We have several tests that confirm the property I'm taking about in the test folder.

Here is an example. note that you need to make the ss1 data set with code above that test.

pdbailey0 commented 1 year ago

I would also note that to get lmer to agree with WeMix you need to set REML to FALSE.

nevertheless,

model_lmer <- lmer(value ~ treatment + drug + length + bdi.pre + (1|subject),
                   weights = wt, data = df, REML=FALSE)
summary(model_lmer)
df$wt2 <- 1
model_WeMix1 <- mix(value ~ treatment + drug + length + bdi.pre + (1|subject),
                   data = df,weights = c('wt', 'wt2'))
summary(model_WeMix1)

there is still a discrepancy.

What I can tell you is that WeMix treats the weights in the fashion I articulated above: it is the same to include two repetitions of an observation or to set the weight of a single repetitions to two. And this property should hold across all definitions of "weighting." See this very helpful Thomas Lumley post Ben Bolker shared with me when I asked about lmer weights.

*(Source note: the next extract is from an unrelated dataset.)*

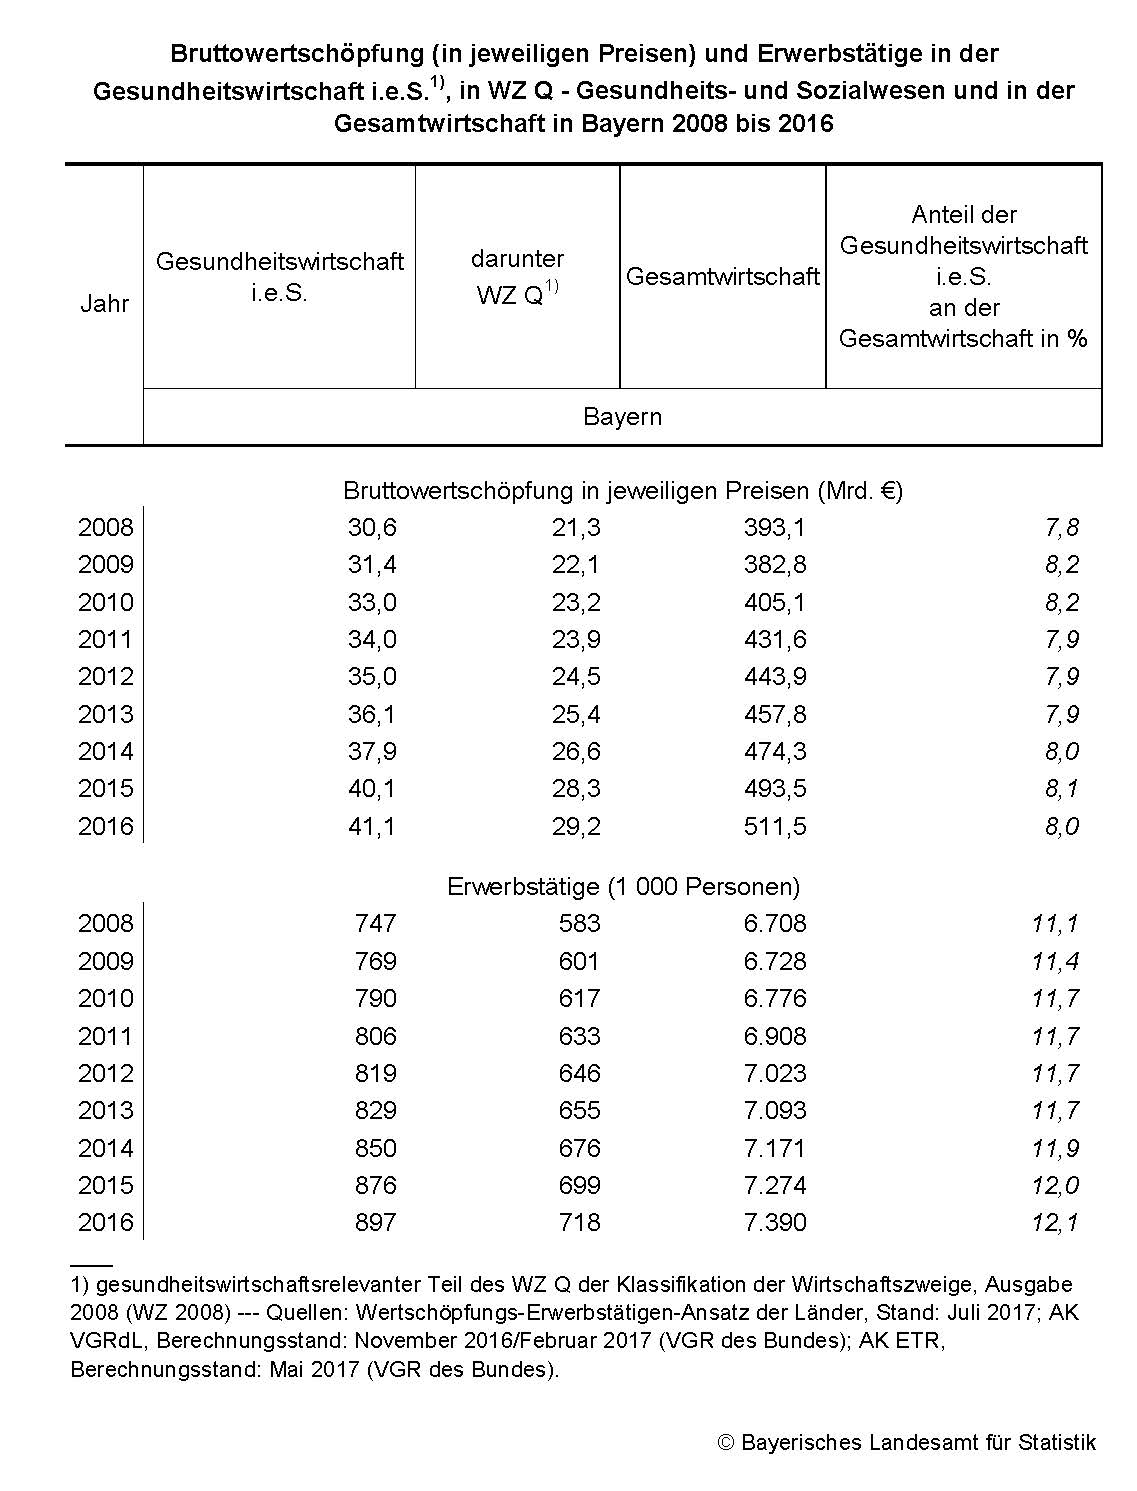 Bruttowertschöpfung und Erwerbstätige in der Gesundheitswirtschaft und in der Gesamtwirtschaft in Bayern 2008 bis 2016

The same property holds for groups. I can't tell you what properties lmer weights have, I didn't write that package. I asked the maintainers and didn't receive a satisfying answer. If you understand them better, please share that understanding.

yohei-h commented 1 year ago

Hi Paul,

Thank you for introducing the insightful link. So I am going to use WeMix rather than lmer moving forwards. I'm sorry I haven't got more knowledge about weight than you.